Catastrophic APS (CAPS)

  • ICU-level care
  • Triple therapy: anticoagulation (heparin) + high-dose glucocorticoids + plasma exchange and/or IVIG
  • Rituximab or eculizumab for refractory cases
  • Treat precipitating triggers (infection, surgery, drug withdrawal)

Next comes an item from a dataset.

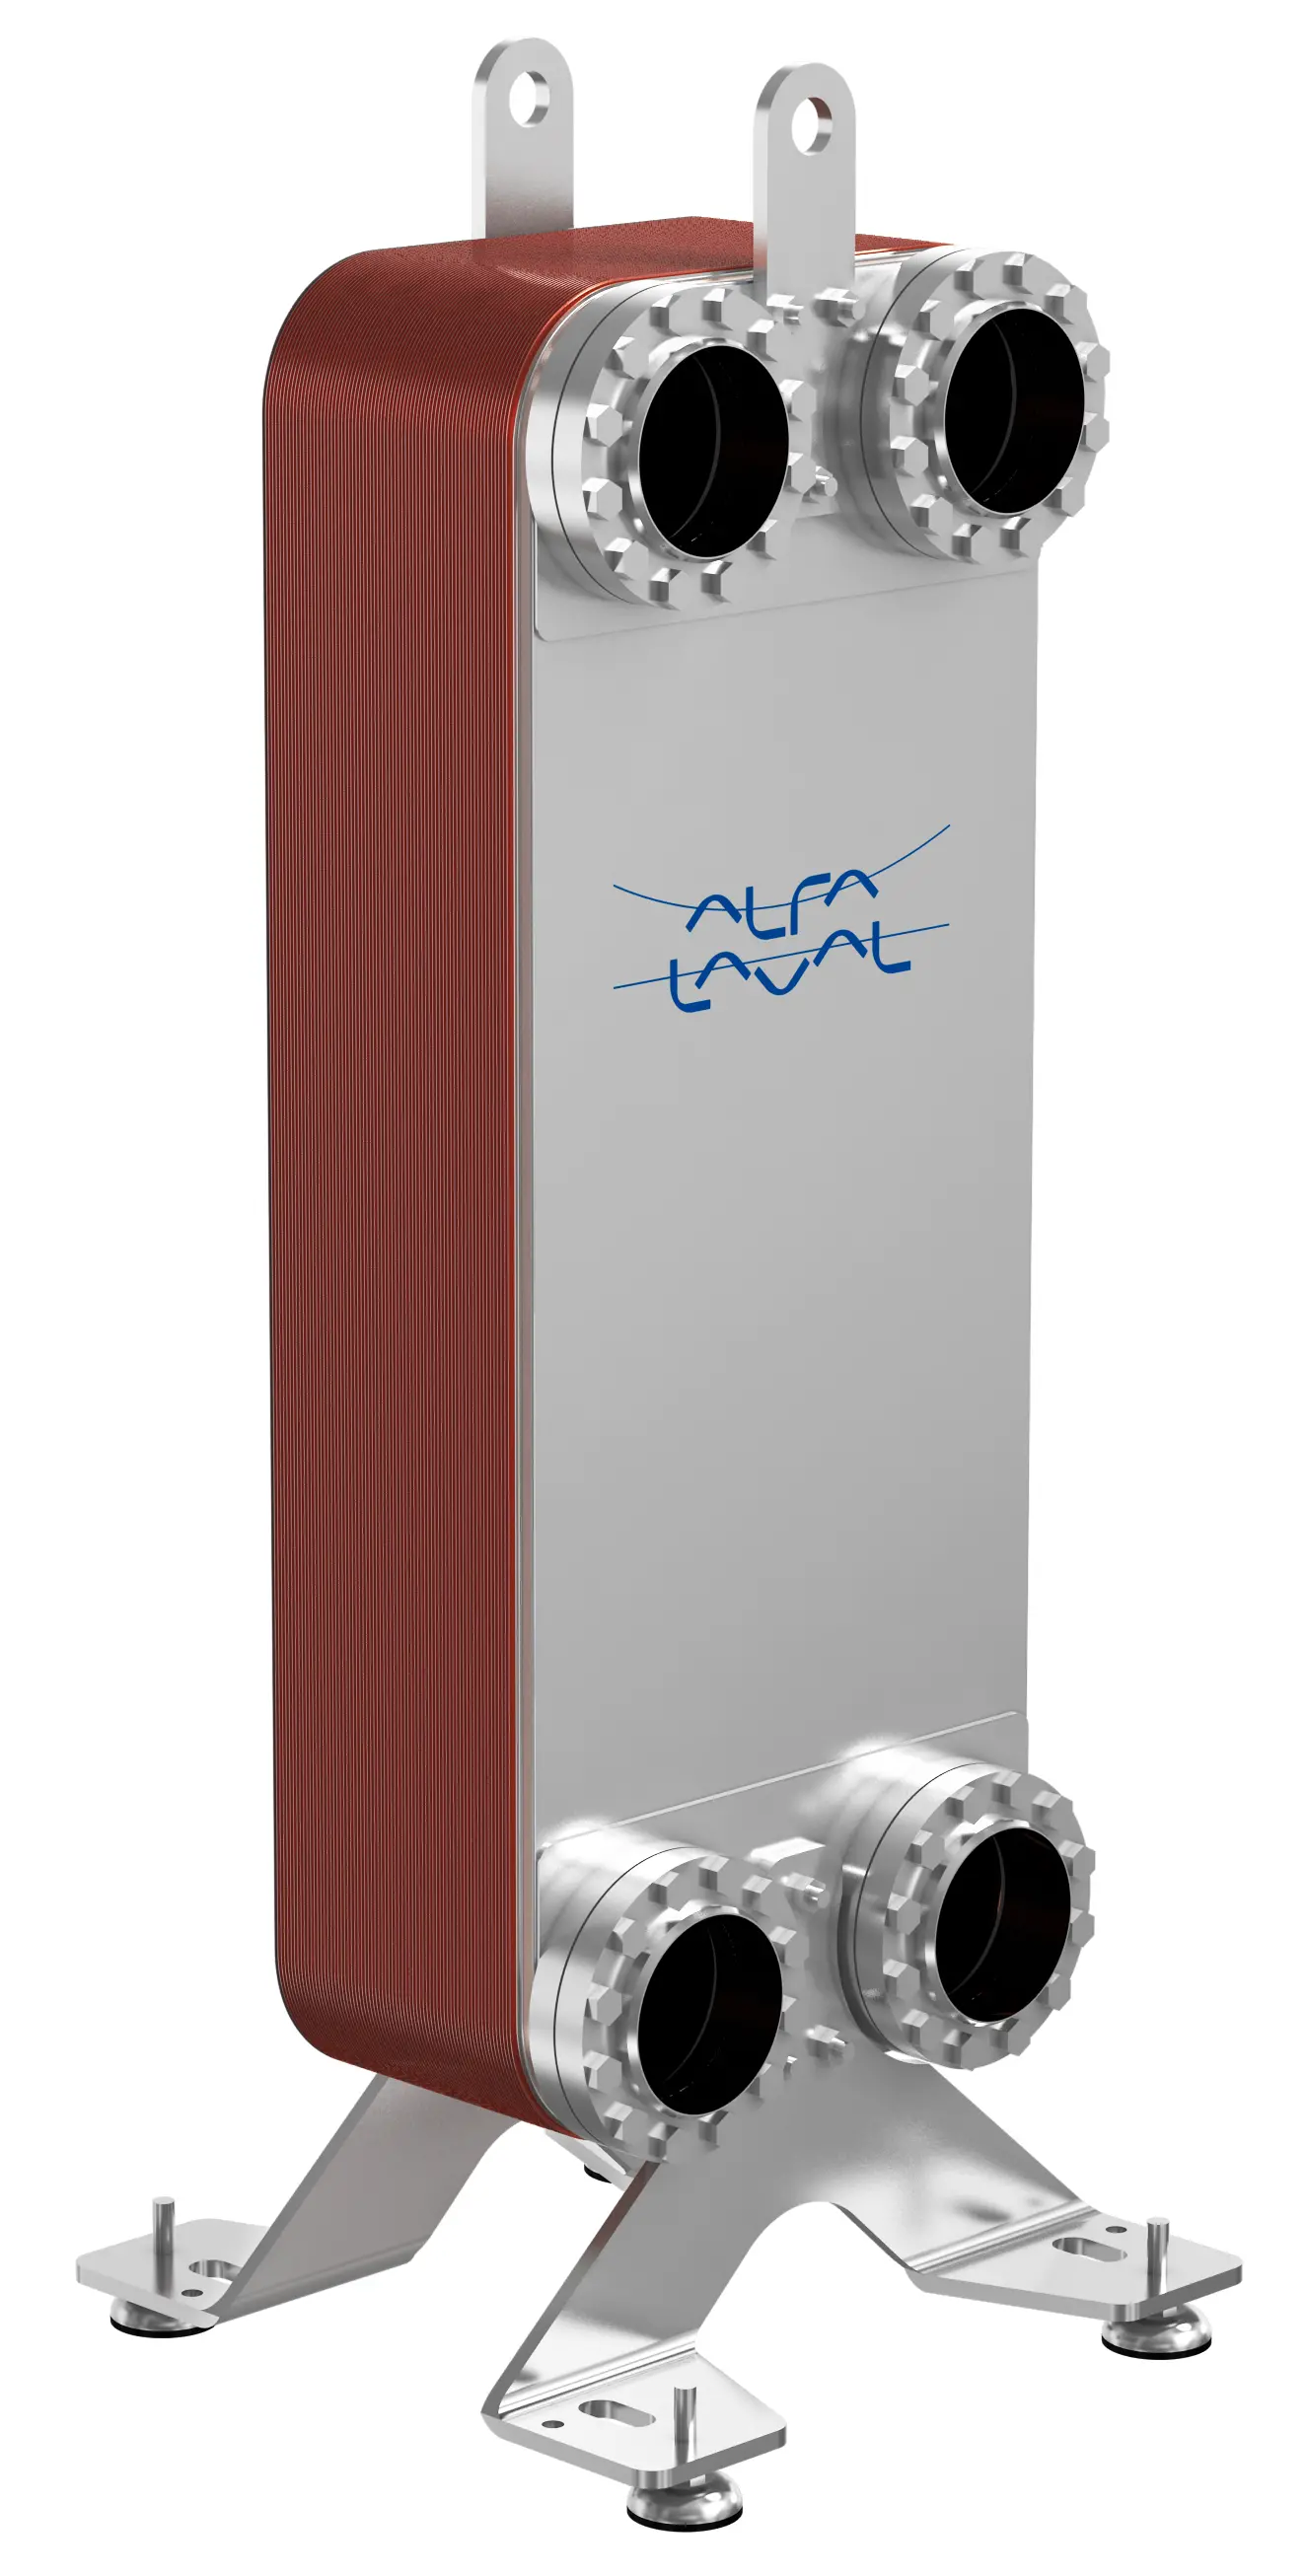 CB30-100H Alfa Laval Platten-Wärmetauscher für Kondensator-Anwendung
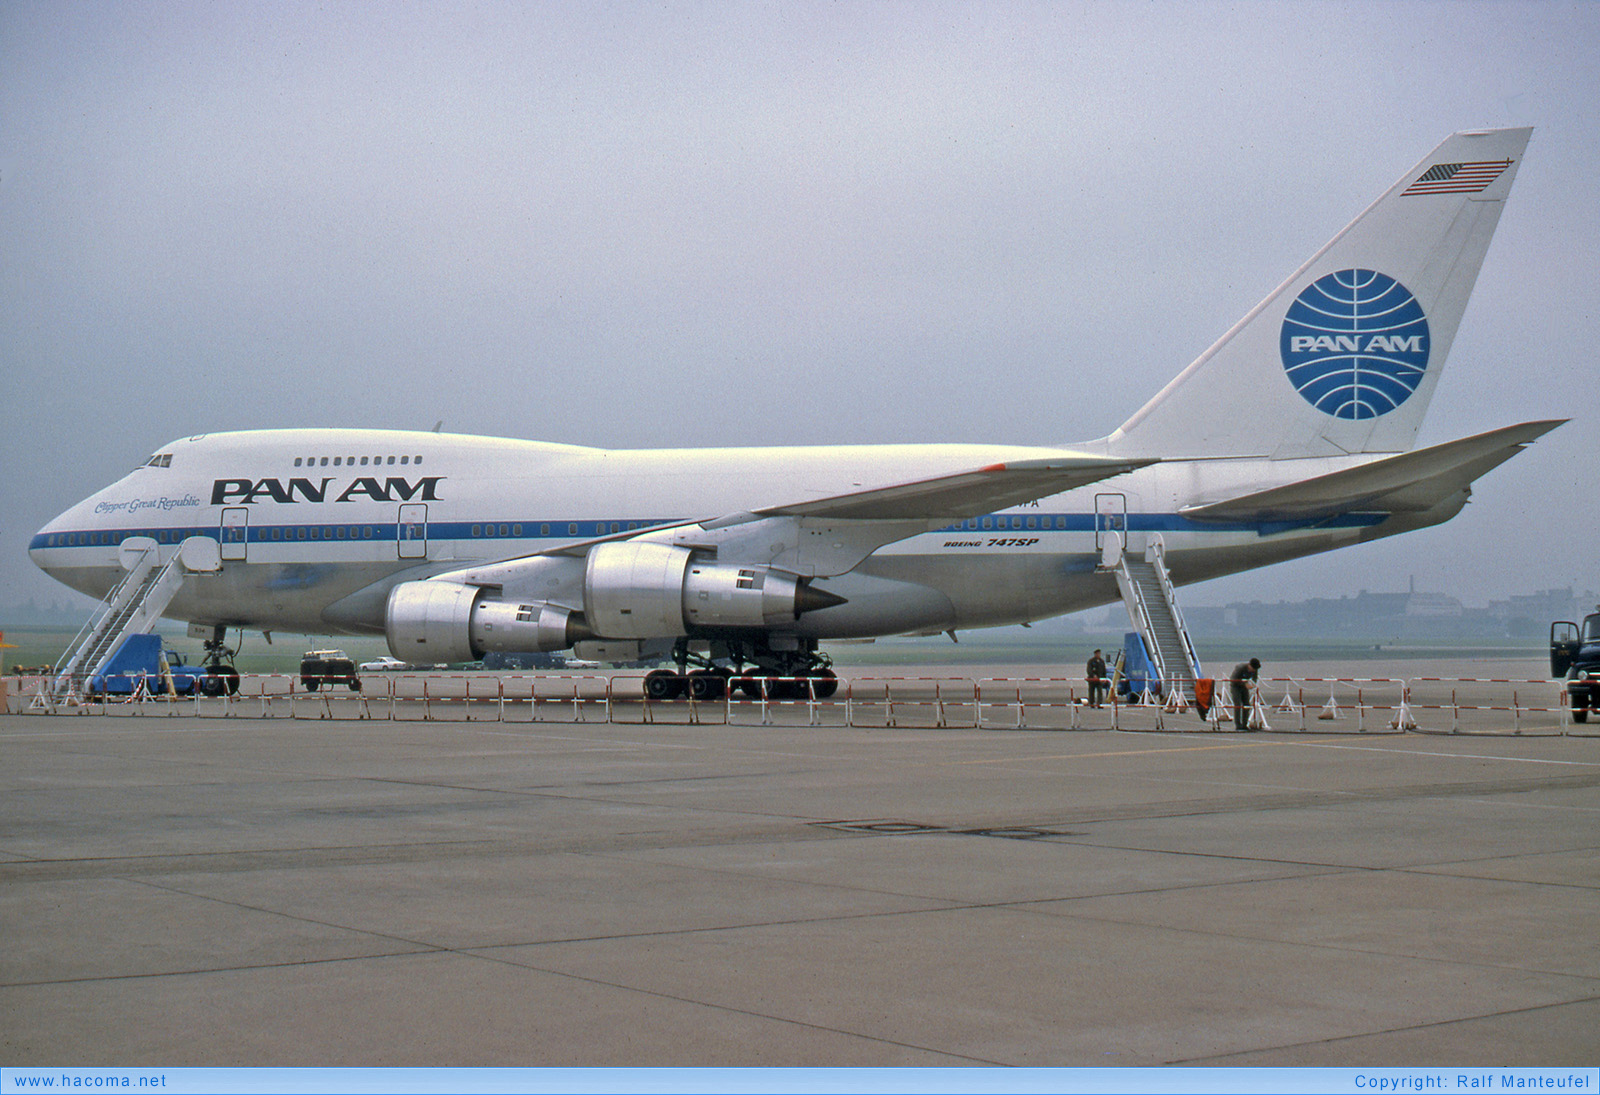 Photo of N534PA - Pan Am Clipper Great Republic - Berlin Tempelhof Airport - Sep 1976

Asymptomatic antibody carriers

  • Low-dose aspirin may be considered in high-risk profiles (triple-positive, SLE)
  • Aggressive cardiovascular risk factor modification
  • Avoid combined estrogen contraceptives

Second-line / adjunct

  • Hydroxychloroquine — adjunctive, especially in SLE-associated APS
  • Statins for vascular protection
  • Rituximab or eculizumab for refractory/catastrophic disease

Complications

  • Recurrent thrombosis despite anticoagulation
  • Catastrophic APS (mortality 30-50%)
  • Stroke and cumulative cognitive impairment
  • Pregnancy loss, severe preeclampsia, HELLP
  • Libman-Sacks endocarditis with embolic events
  • Diffuse alveolar hemorrhage
  • Adrenal hemorrhage and primary adrenal insufficiency
  • Chronic kidney disease (APS nephropathy)

PANCE pearls

  • Confirm any positive antiphospholipid test ≥12 weeks later — transient positivity occurs with infection.
  • Triple-positive APS (LA + anti-cardiolipin + anti-β2GP1) confers highest thrombosis risk and warrants warfarin over DOACs (TRAPS trial).
  • A prolonged aPTT that fails to correct on mixing study and corrects with added phospholipid suggests lupus anticoagulant.
  • Warfarin INR target 2-3 for venous events; higher (or warfarin + ASA) for arterial events.
  • Pregnant patients with APS should receive LMWH + aspirin, not warfarin (teratogen).
  • Catastrophic APS is a life-threatening emergency — recognize and start triple therapy immediately.

References

  • 2023 ACR/EULAR Criteria — Barbhaiya M et al. The 2023 ACR/EULAR Antiphospholipid Syndrome Classification Criteria. Arthritis Rheumatol 2023.
  • TRAPS trial — Pengo V et al. Rivaroxaban vs warfarin in high-risk patients with antiphospholipid syndrome. Blood 2018; 132:1365-1371.
  • Sapporo/Sydney criteria — Miyakis S et al. International consensus statement on an update of the classification criteria for definite antiphospholipid syndrome. J Thromb Haemost 2006.